McMath, Leatherman, Woods & Youngdahl, for appellee.

Carretón Harris, Chief Justice.

This litigation involves the construction of the language of the “air travel” clause in an insurance policy issued on the life of Ralph L. Denny. The policy is entirely an accident policy, and the company agrees to pay benefits up to $10,000.00 for loss of life or certain bodily injuries sustained by the insured. As to AIR TRAVEL, the company is liable for:

“Injury sustained in consequence of riding as a passenger, and not as an operator or crew member, in or on, boarding or slighting from, or being struck by any aircraft having a current and valid airworthiness certificate or any transport type aircraft operated by the *750Military Air Transport Service (MATS) of the United States or by the similar air transport service of any duly constituted governmental authority of any recognized country. ’ ’

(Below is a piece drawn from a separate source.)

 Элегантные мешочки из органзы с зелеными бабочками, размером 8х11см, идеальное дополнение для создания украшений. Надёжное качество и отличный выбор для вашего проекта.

While on temporary duty at Loose Bay Air Base, Labrador, Denny, an Airman Second Class in the United States Air Force, was struck and killed by a propellor of a KC-97L (Stratofreighter). Mrs. Pearl Denny, mother of Ralph, the beneficiary under the policy," made claim to the insurer, American Homestead Insurance Company, appellant herein. The company denied her claim on the ground that Denny was a crew member of the plane, and also on the ground that the plane was of a type excluded under the provisions of the policy. Suit was thereafter instituted, and the court, sitting as a jury, found for Mrs. Denny, holding that “Airman Ralph Denny was not a crew member of the particular plane that caused his death. Denny was not struck by an ‘aircraft having a current and valid airworthiness certificate or any transport type aircraft operated by the Military Air Transport Service (MATS) of the United States,’ but that he was fatally injured when struck by an aircraft operated ‘by the similar air transport service of any duly constituted governmental authority of any recognized country. ’ ’ ’ The judgment was thereupon entered in the principal amount of $10,000.00, together with the sum of $1,200.00 as penalty, and attorneys fees in the amount of $1,000.00. From such judgment appellant has appealed.

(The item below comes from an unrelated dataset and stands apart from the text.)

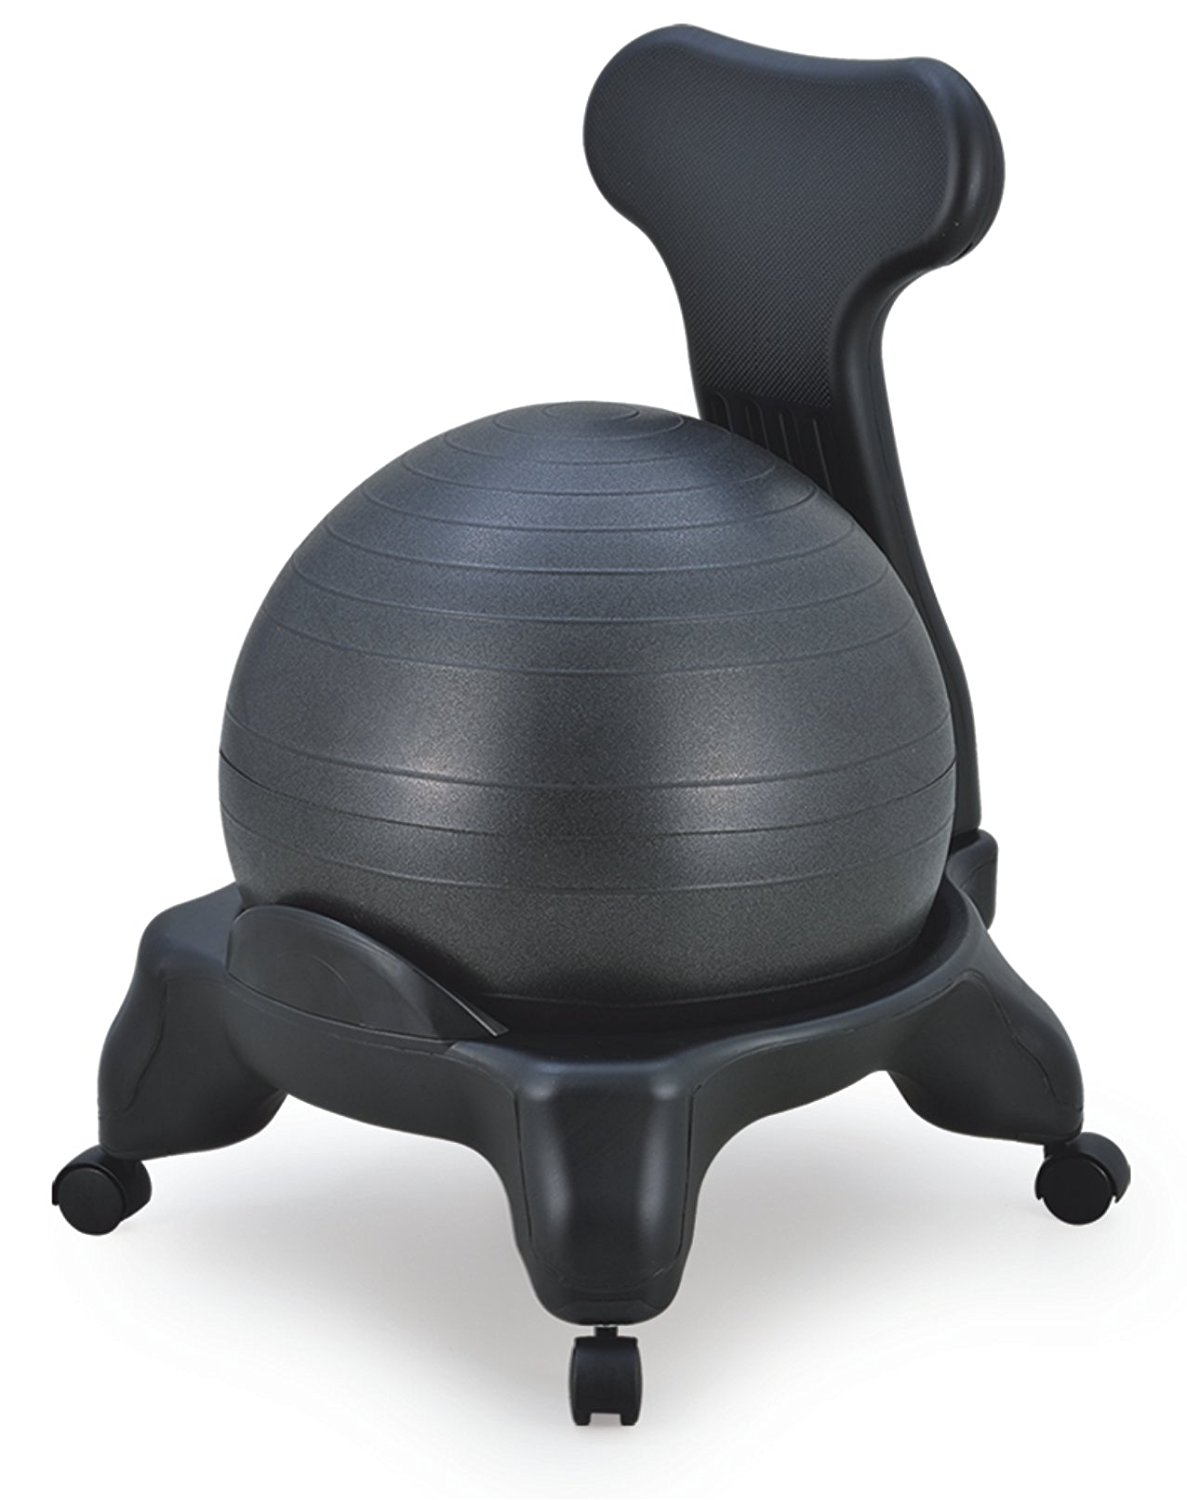 Sierra Comfort SC 0131 Balance Ball Chair With Backrest

For reversal, appellant asserts that Denny was not covered under the policy because (1) he was a crew member of the aircraft which caused his death, and (2) Denny was struck by an aircraft of a type excluded from coverage under the policy.

Inasmuch as ive think appellant must prevail under the second contention, we see no necessity to discuss the question of whether he was a crew member of the aircraft which caused his death.

*751Let it first be said that it is agreed that the term, “airworthiness certificate” has no application to the facts in this case, since this certificate is only issued to civil aircraft. Likewise, it is admitted by appellee that the KC-97G plane is not a MATS aircraft (and, in fact, the court so found).1

At the outset, it might be well to discuss some of the functions of MATS (Military Air Transport Service). Air Force regulations relate that the overall mission of this branch of the Air Force “is to maintain in a constant state of readiness, the military airlift system necessary to perform all airlift tasks under emergency conditions assigned by the Joint Chiefs of Staff in approved war plans and appropriate JCS and Air Force guidance documents. MATS will supervise and operate the Air Weather Service, the Air Photographic and Charting Service, the Air Rescue Service, a domestic aeromedical evacuation system, and the 1254th Air Transport Wing, Special Missions.” Additional functions mentioned, and covering several pages, include individual air transport service for the President of the United States and other government officials and foreign dignitaries, and maintaining liaison with the civil air industry. There are numerous other functions performed by MATS, which, however, are not pertinent to this litigation.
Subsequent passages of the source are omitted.